Where in the assembly code are we setting x to arr? How do we know that %r12 is x?
Here are the set of instructions leading up to the jmp associated with the for loop:
The declaration and initialization of x needs to be associated with one of the lines preceding that jmp, but because only the first argument passed to mystery is a void * (the others are size_t, int, and function pointer), that should tell you that either mov %rdi,%r13 or mov %rdi,%r12 is in place for the void *x = ________ line, and since both realize void *x = arr;, that would be my first guess as to what that line of C code should be.
As to why r12 is being used instead of r13? You'll notice that r13 looks to be a copy of whatever the first argument is, but r13 isn't itself changed every again. It's used in read-only capacity, whereas r12 is updated by the instruction at offset +62. Something that's read-only could be a variable, but something that's updated almost certainly needs to be a variable. And because the updated values of r12 are repeatedly passed at the first argument of the comparison function, that's even more evidence suggesting r12 is being used on behalf of x.
Problem 3
How does the print statement in line 19 ultimately go on to print the password?
Note that get_realpw() doesn't possess a return value, but instead stores the result in the buffer that was passed in, i.e. the 16-byte realpw. But the real issue is that strncpy() will copy only 16 bytes from the user's input password (userpw ) into the userpwcopy buffer, with no guarantee that a null-terminator \0 will be copied over. However, to be a proper, null-terminated string, userpwcopy must have a null-terminator somewhere in its 16 bytes; otherwise, %s in the printf will keep going in search of a null-terminator, \0 printing out more characters than it intends--even beyond the bounds of the array realpw.
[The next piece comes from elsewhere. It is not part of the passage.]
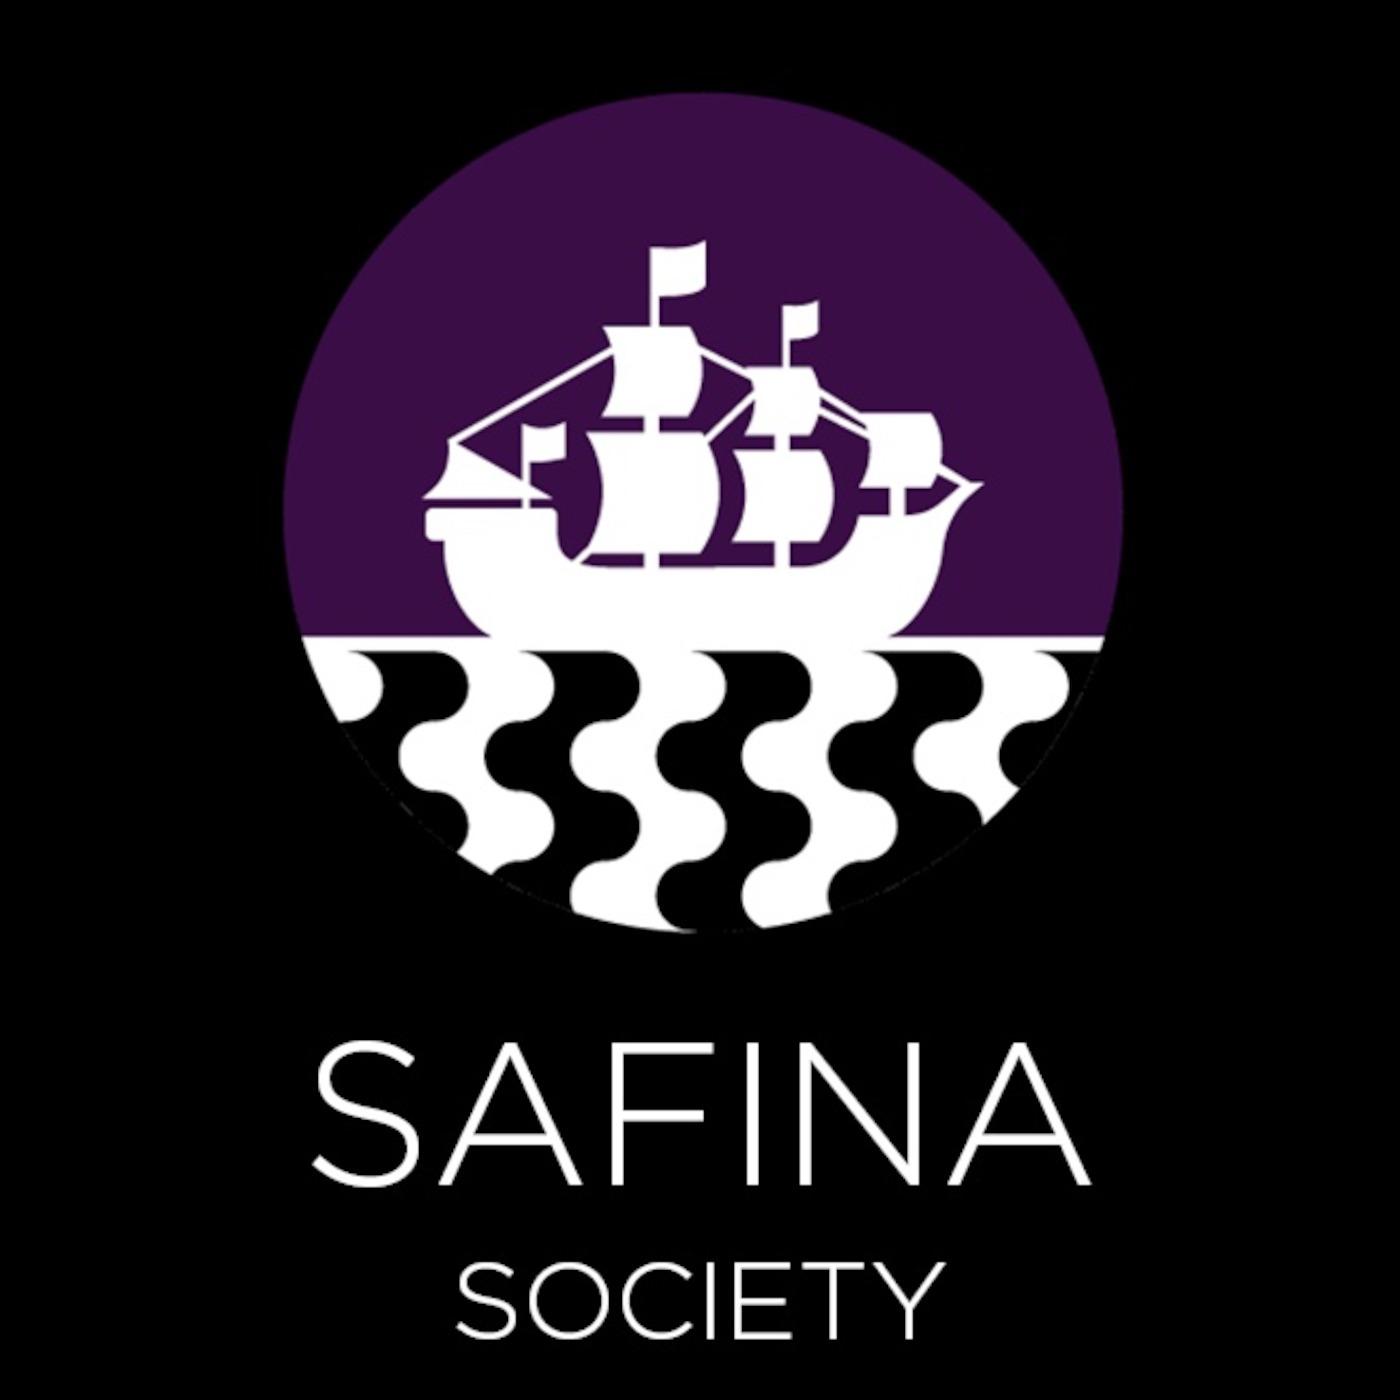 Safina Society

Furthermore, as realpw and userpwcopy are both buffers / arrays in the function authenticate() , their memory regions will both reside in that function's local stack memory: to draw out a stack / memory diagram:
-- bottom of authenticate's stack memory
[16 bytes of realpw, characters of real password written going up]
...
[16 bytes of userpwcopy, characters of user attempt going up]
%rsp -- top of authenticate's stack memory (growing downwards)
Hence, by printing userpwcopy, without a null-terminator, %s will keep printing characters / bytes going upward in the memory, going beyond the userpwcopy buffer, and infiltrating into the buffer space of realpw, resulting in the real password being printed as well.
Problem 4
In Part (A), for get_size, instead of the casting to an int *, could we do (headerT *)curr->payloadsz & mask;?
Yes this would work.
Assume curr points to address x. Casting curr as an int * then dereferencing it means we go to address x and read 4 bytes. Casting curr as a headerT * means we go to address x. When we access the payloadsz field, we are reading it as an int so we read 4 bytes starting at address x.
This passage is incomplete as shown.